The penultimate sentence in Artsplosure’s April press release for its 28th annual Spring Arts Festival (May 19 & 20 in Moore Square) reads with this proud fact: “Each year, the Spring Arts Festival attracts 70,000 people over the course of the weekend.” That makes Artsplosure’s decision not to allow buskers to ask for tips at this year’s festival especially surprising. After all, according to Executive Director Michael Lowder, “only five or six people” have complained about the buskers, who are contracted by Artsplosure to travel to Raleigh for the festival. That’s 0.008571% of one year’s attendees.

For the past four years, the musicians have been given a stipend, room and board. This year, they’re getting paid only with a guarantee from Artsplosure, a decision Lowder says has cost the festival several of their preferred buskers, as the festival couldn’t afford to pay them all higher outright.

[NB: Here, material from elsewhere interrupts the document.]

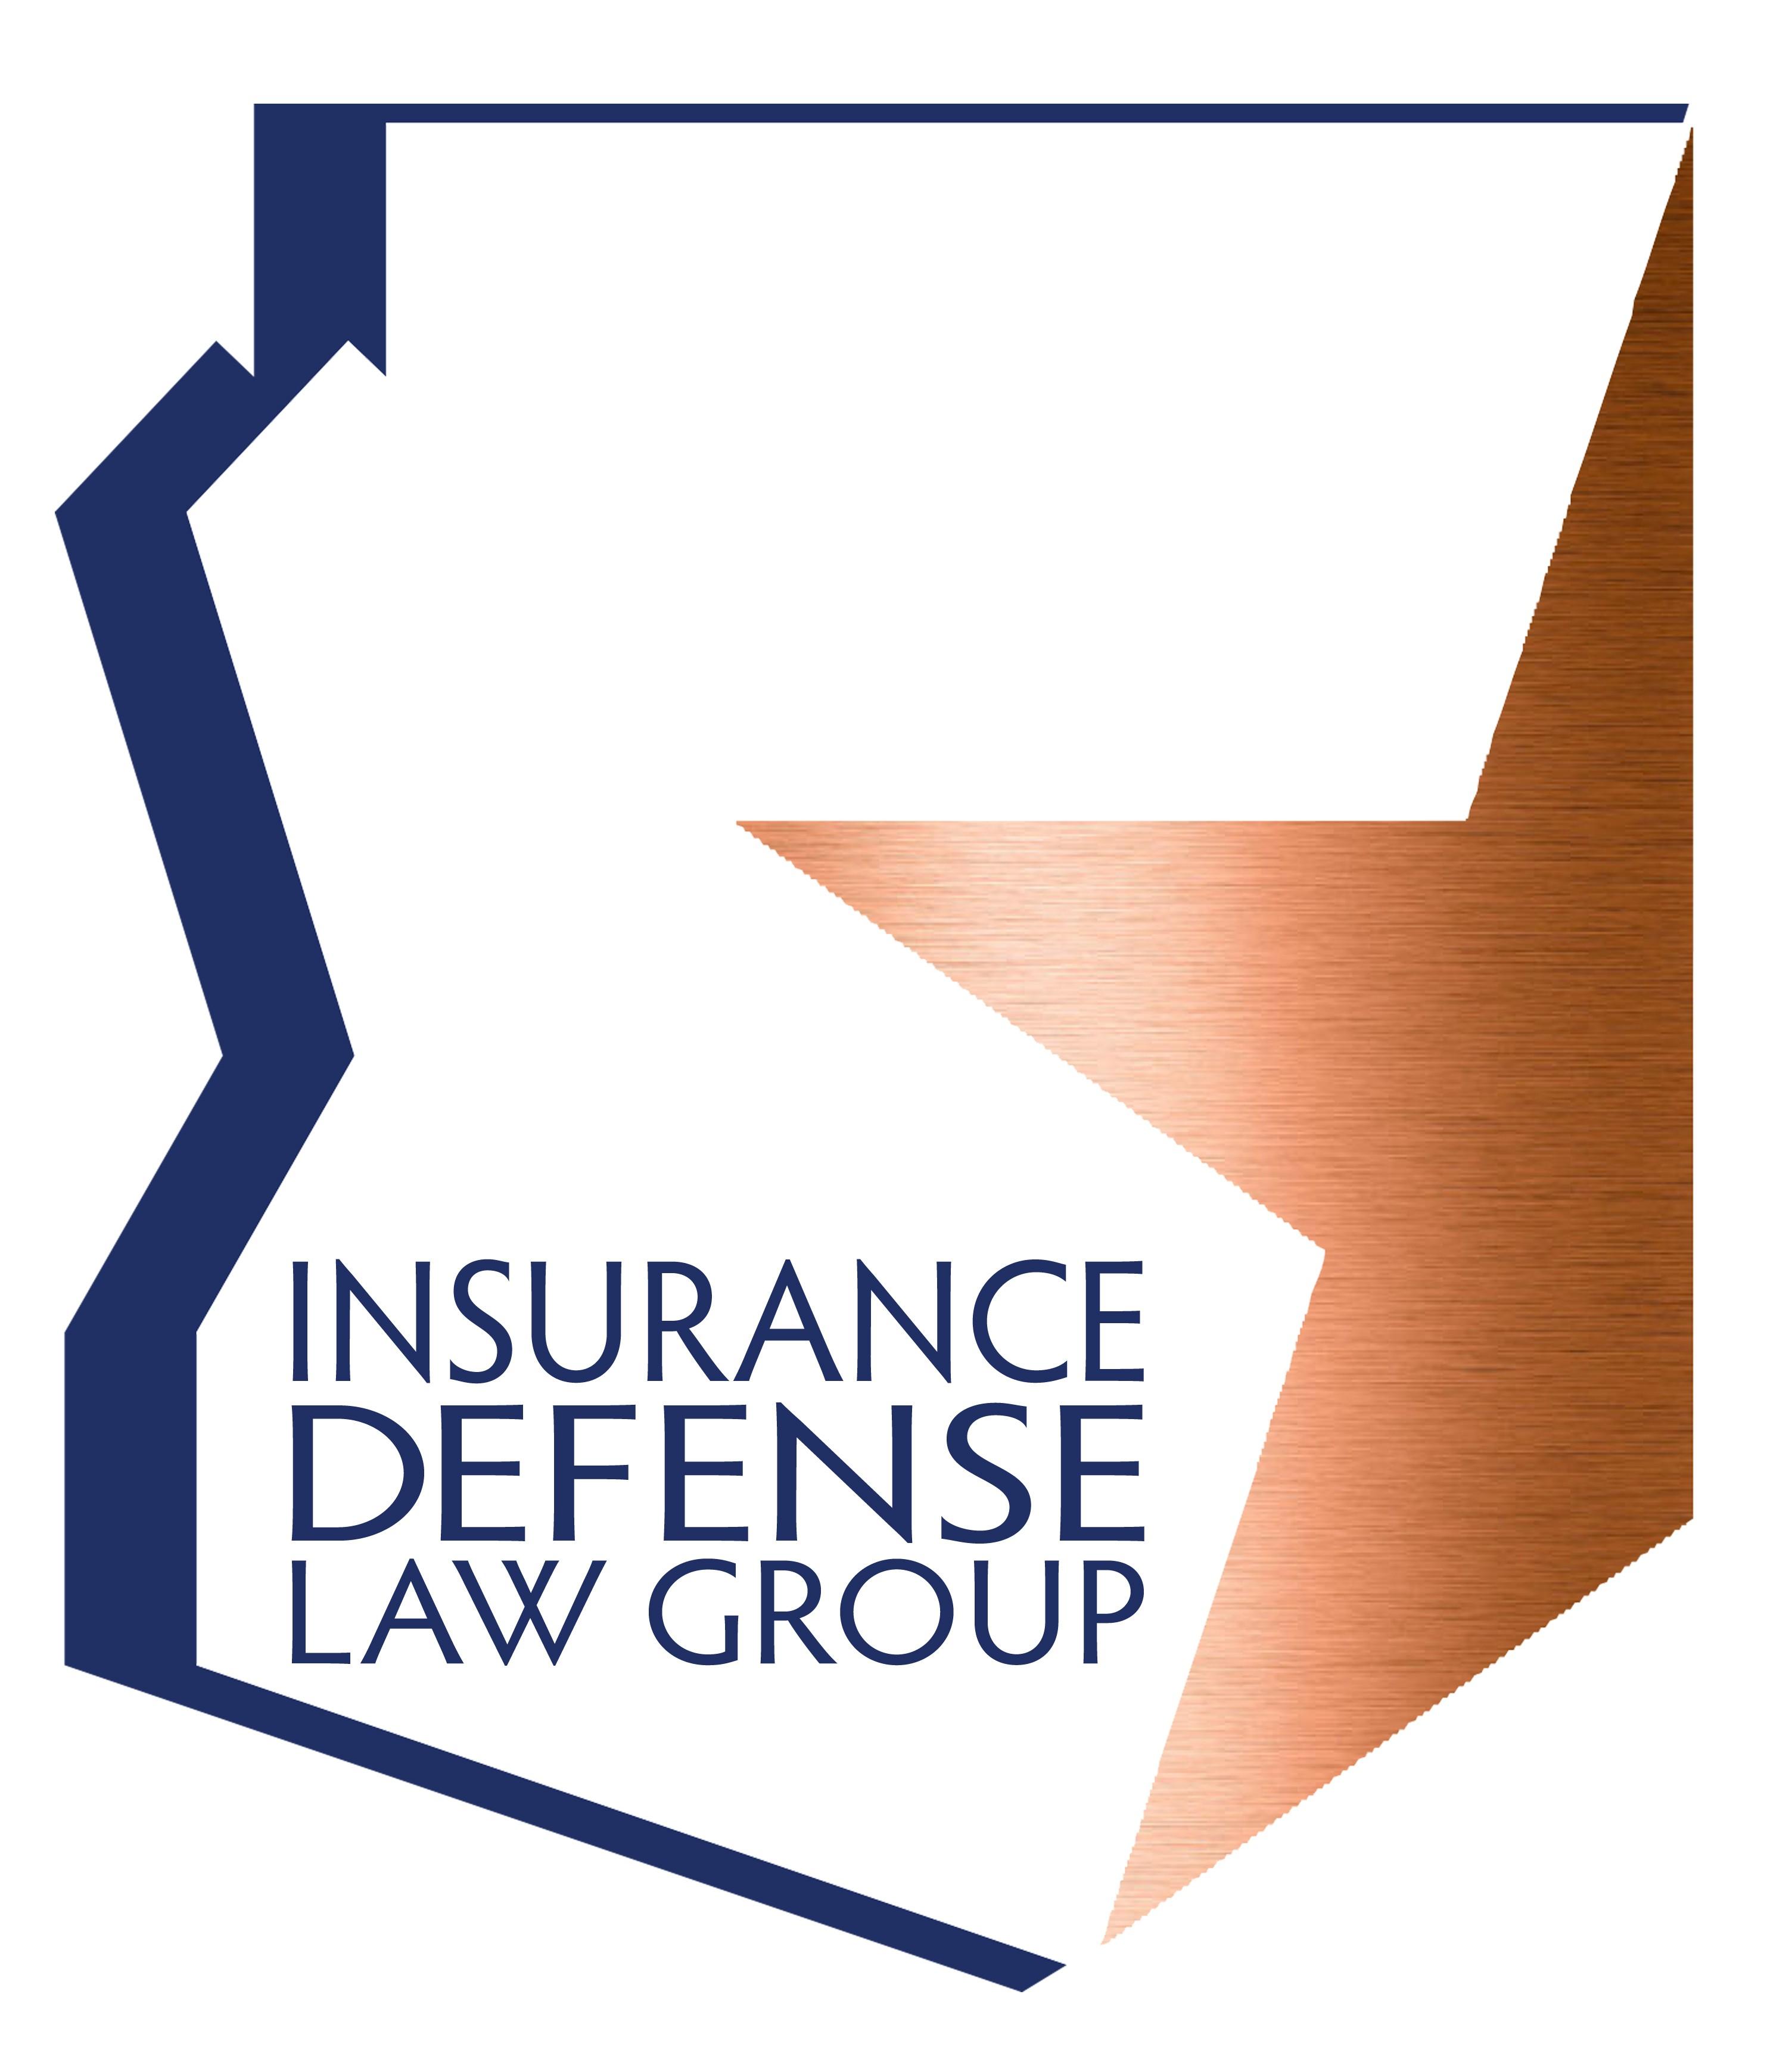 Insurance Defense Law Group L L C Linkedin
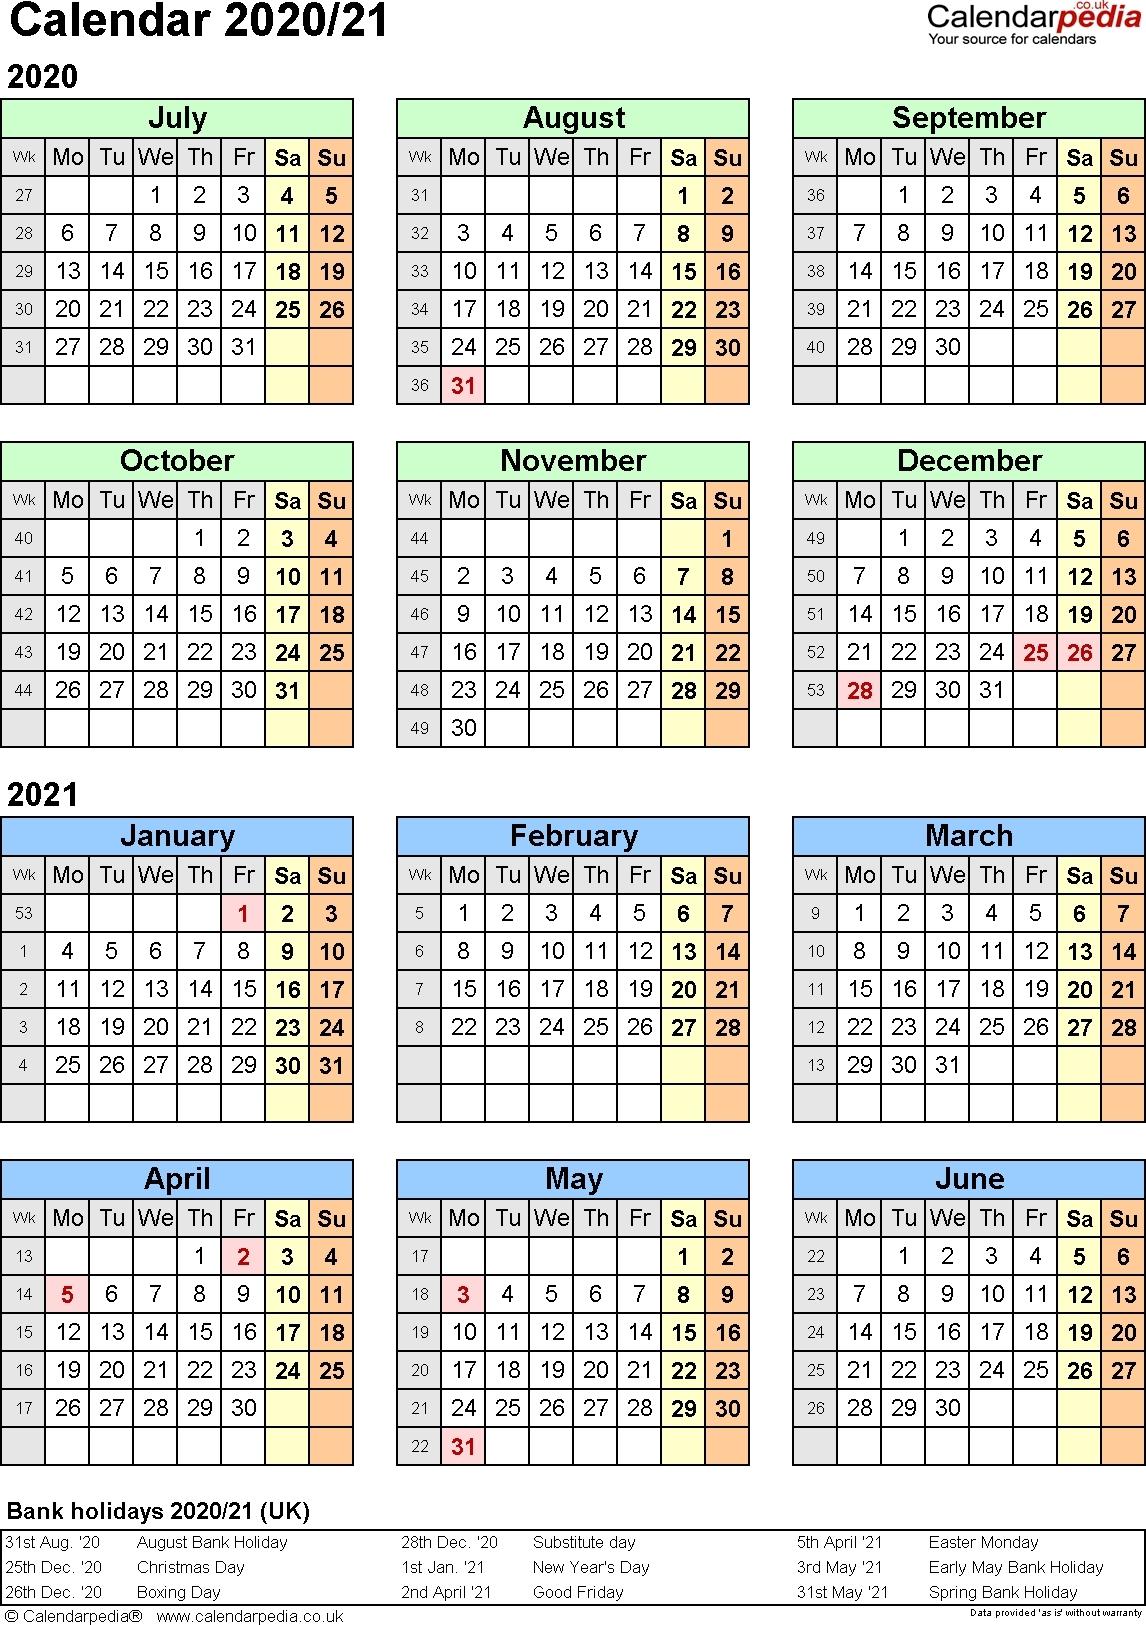 Dod Civilian Pay Calendar 2020 throughout Federal Civilian Pay Calendar 2020

“When we told some of the performers what our plan was, they demanded more money,” says Lowder. “For that type of money, I could get a lot from the local talent poll, which I’d rather spend it on, anyway.”

According to Lowder, the street musicians who are performing will be cordoned in an area on Martin Street and not allowed to roam the festival as they have in previous years. Part of the issue, Lowder says, is that the moving musicians often blocked the sightline of and access to the rows of visual art vendors who pay a small fee to sell merchandise at Artsplosure.

“[The street performers] have been wildly popular, but there’s a balance between these visual artists…and the street performers,” says Lowder. “We’ll see how it goes. If it’s a real loss, we’ll see what we can do.”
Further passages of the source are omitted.